TASK PROMPT
Reproduce exactly the line with "Upholstery Nails Tacks" and every line that follows it below, up to and including the last one. Do not include pictures or anything else.

INFORMATION SHOWN
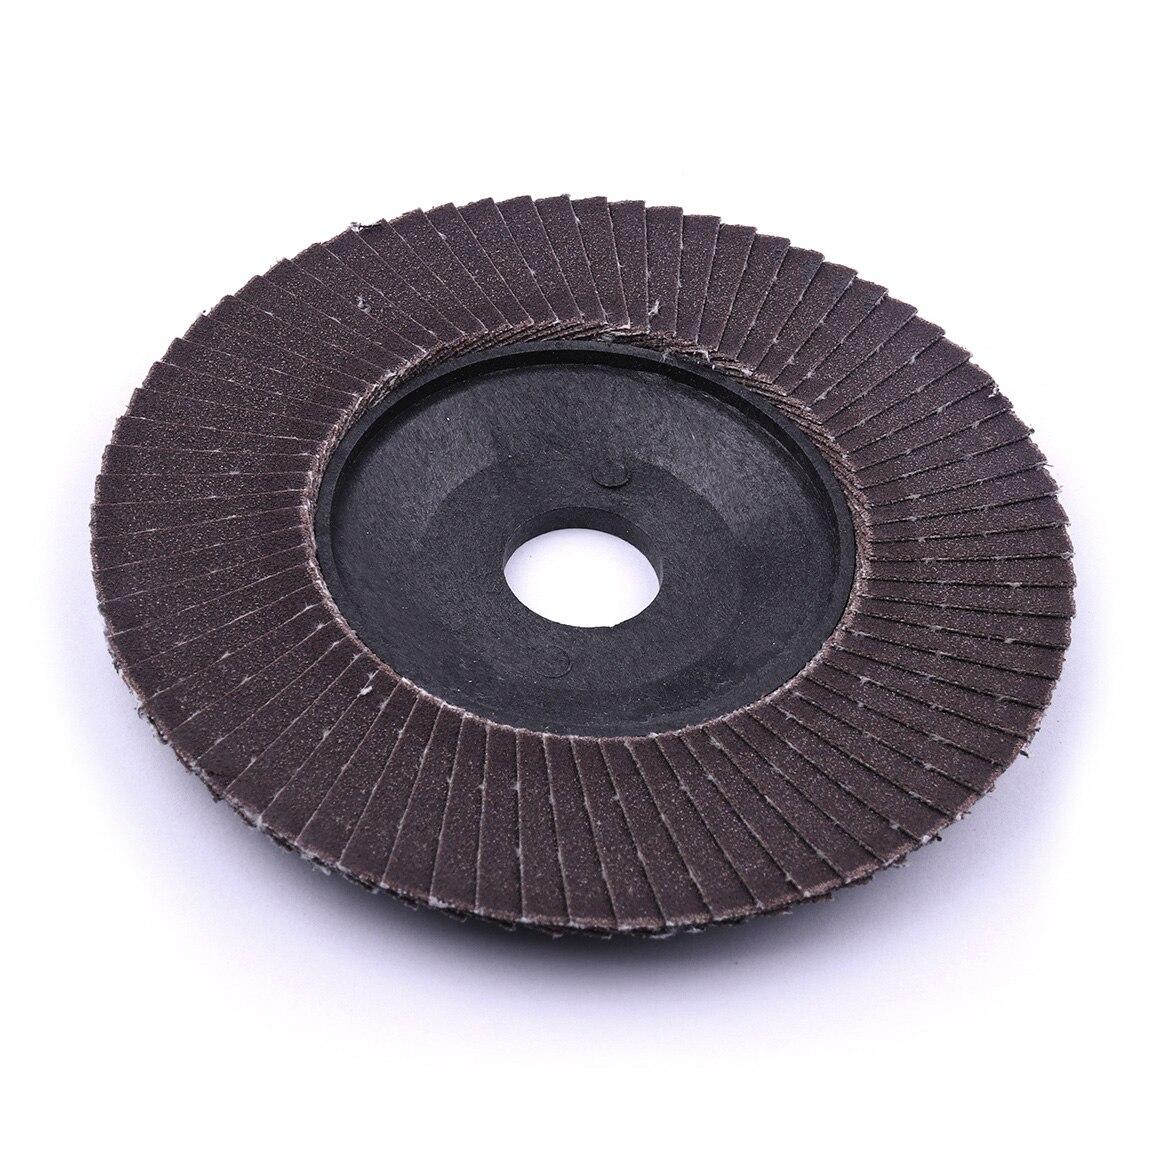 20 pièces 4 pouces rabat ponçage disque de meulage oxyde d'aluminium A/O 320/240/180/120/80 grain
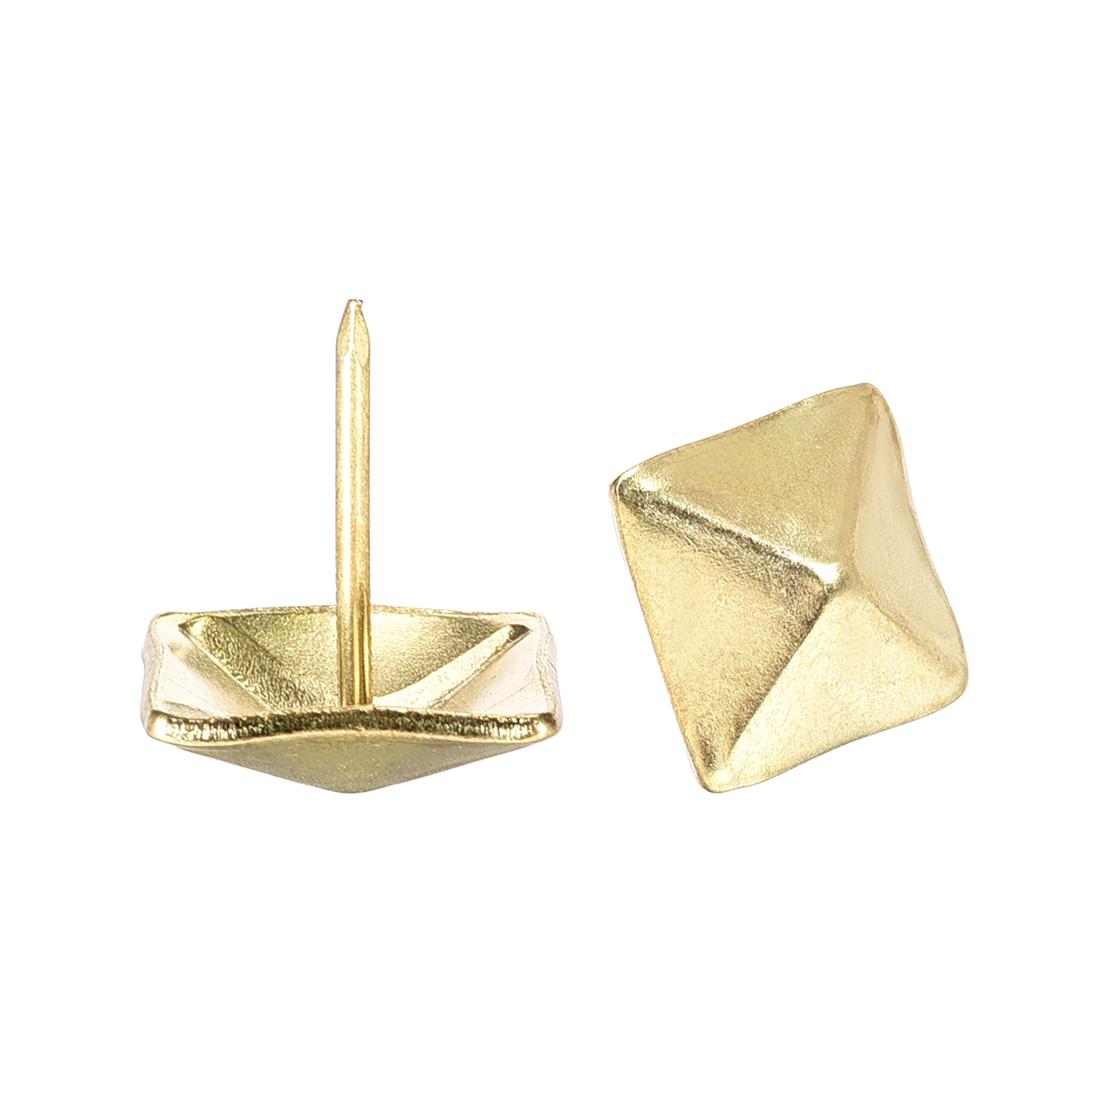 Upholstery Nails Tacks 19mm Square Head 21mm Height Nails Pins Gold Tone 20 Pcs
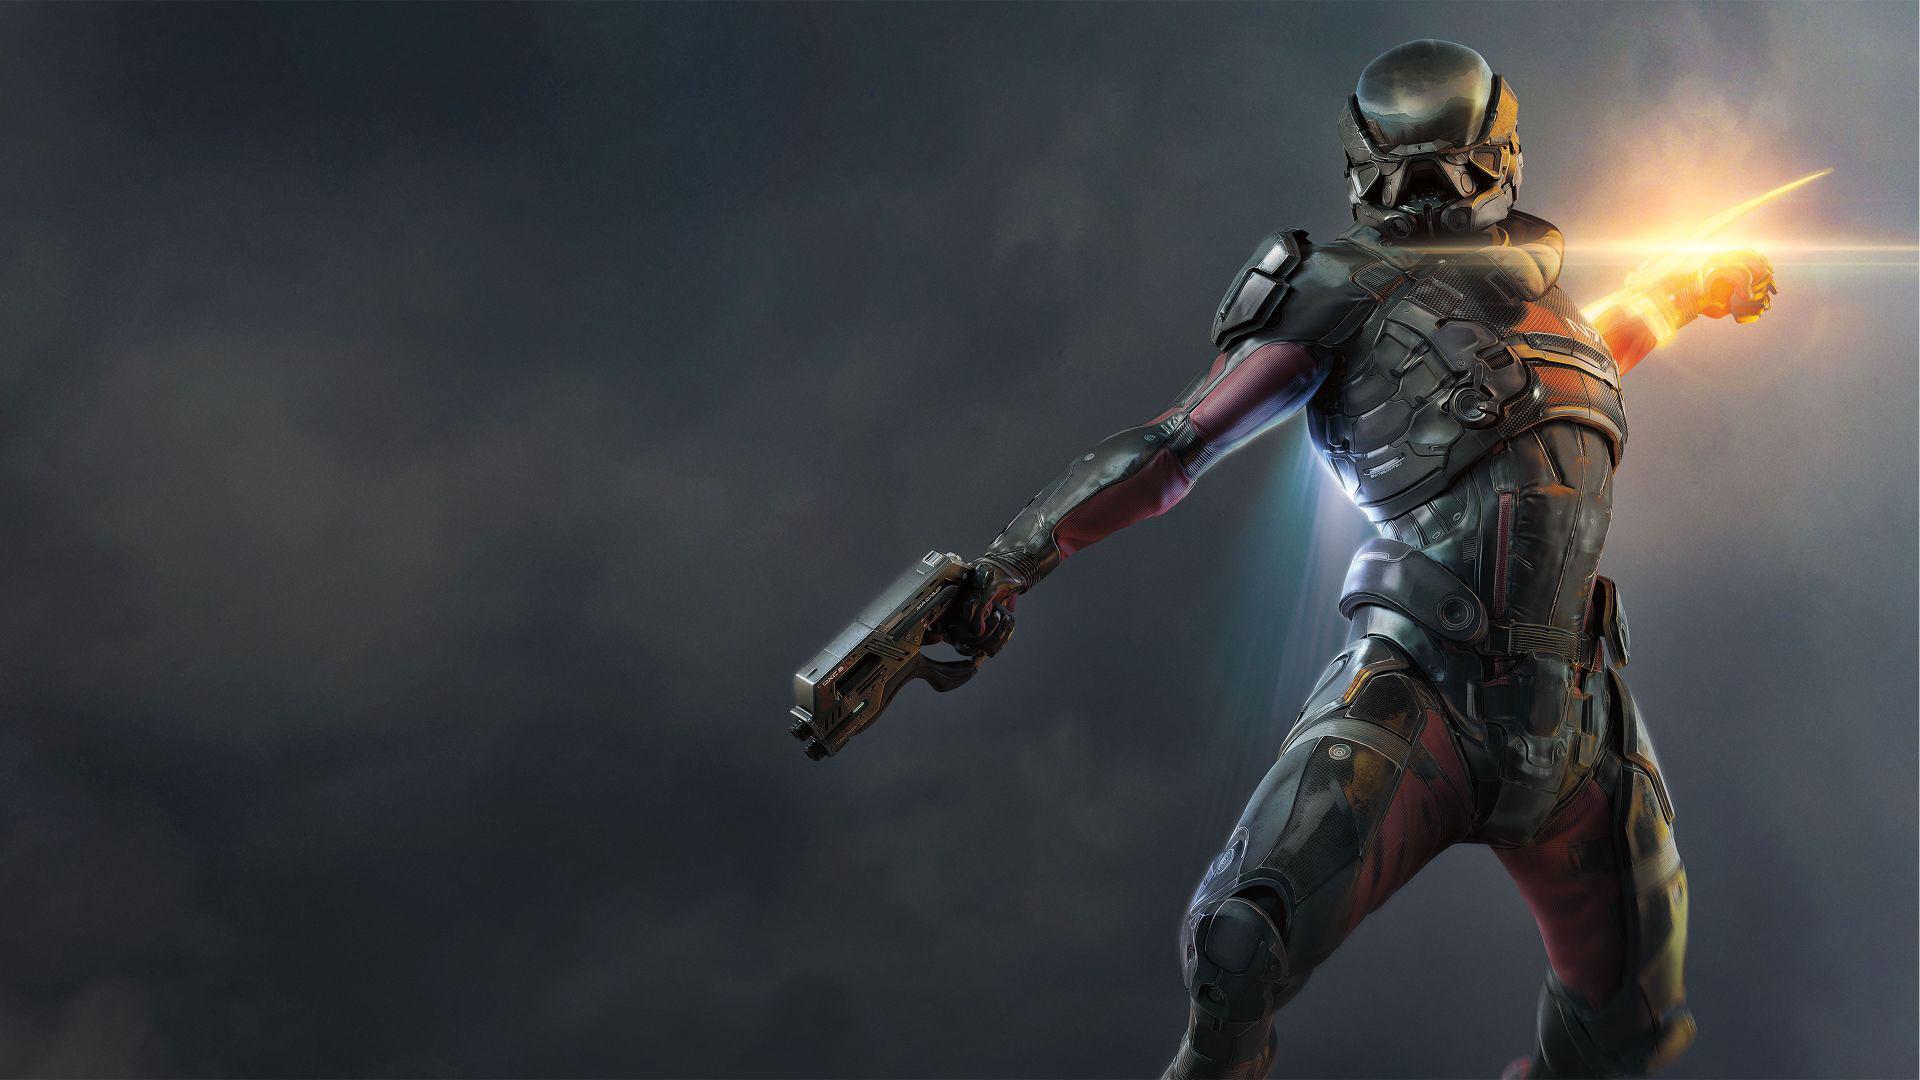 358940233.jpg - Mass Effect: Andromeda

ANSWER TO THIS TASK
 Upholstery Nails Tacks 19mm Square Head 21mm Height Nails Pins Gold Tone 20 Pcs
 358940233.jpg - Mass Effect: Andromeda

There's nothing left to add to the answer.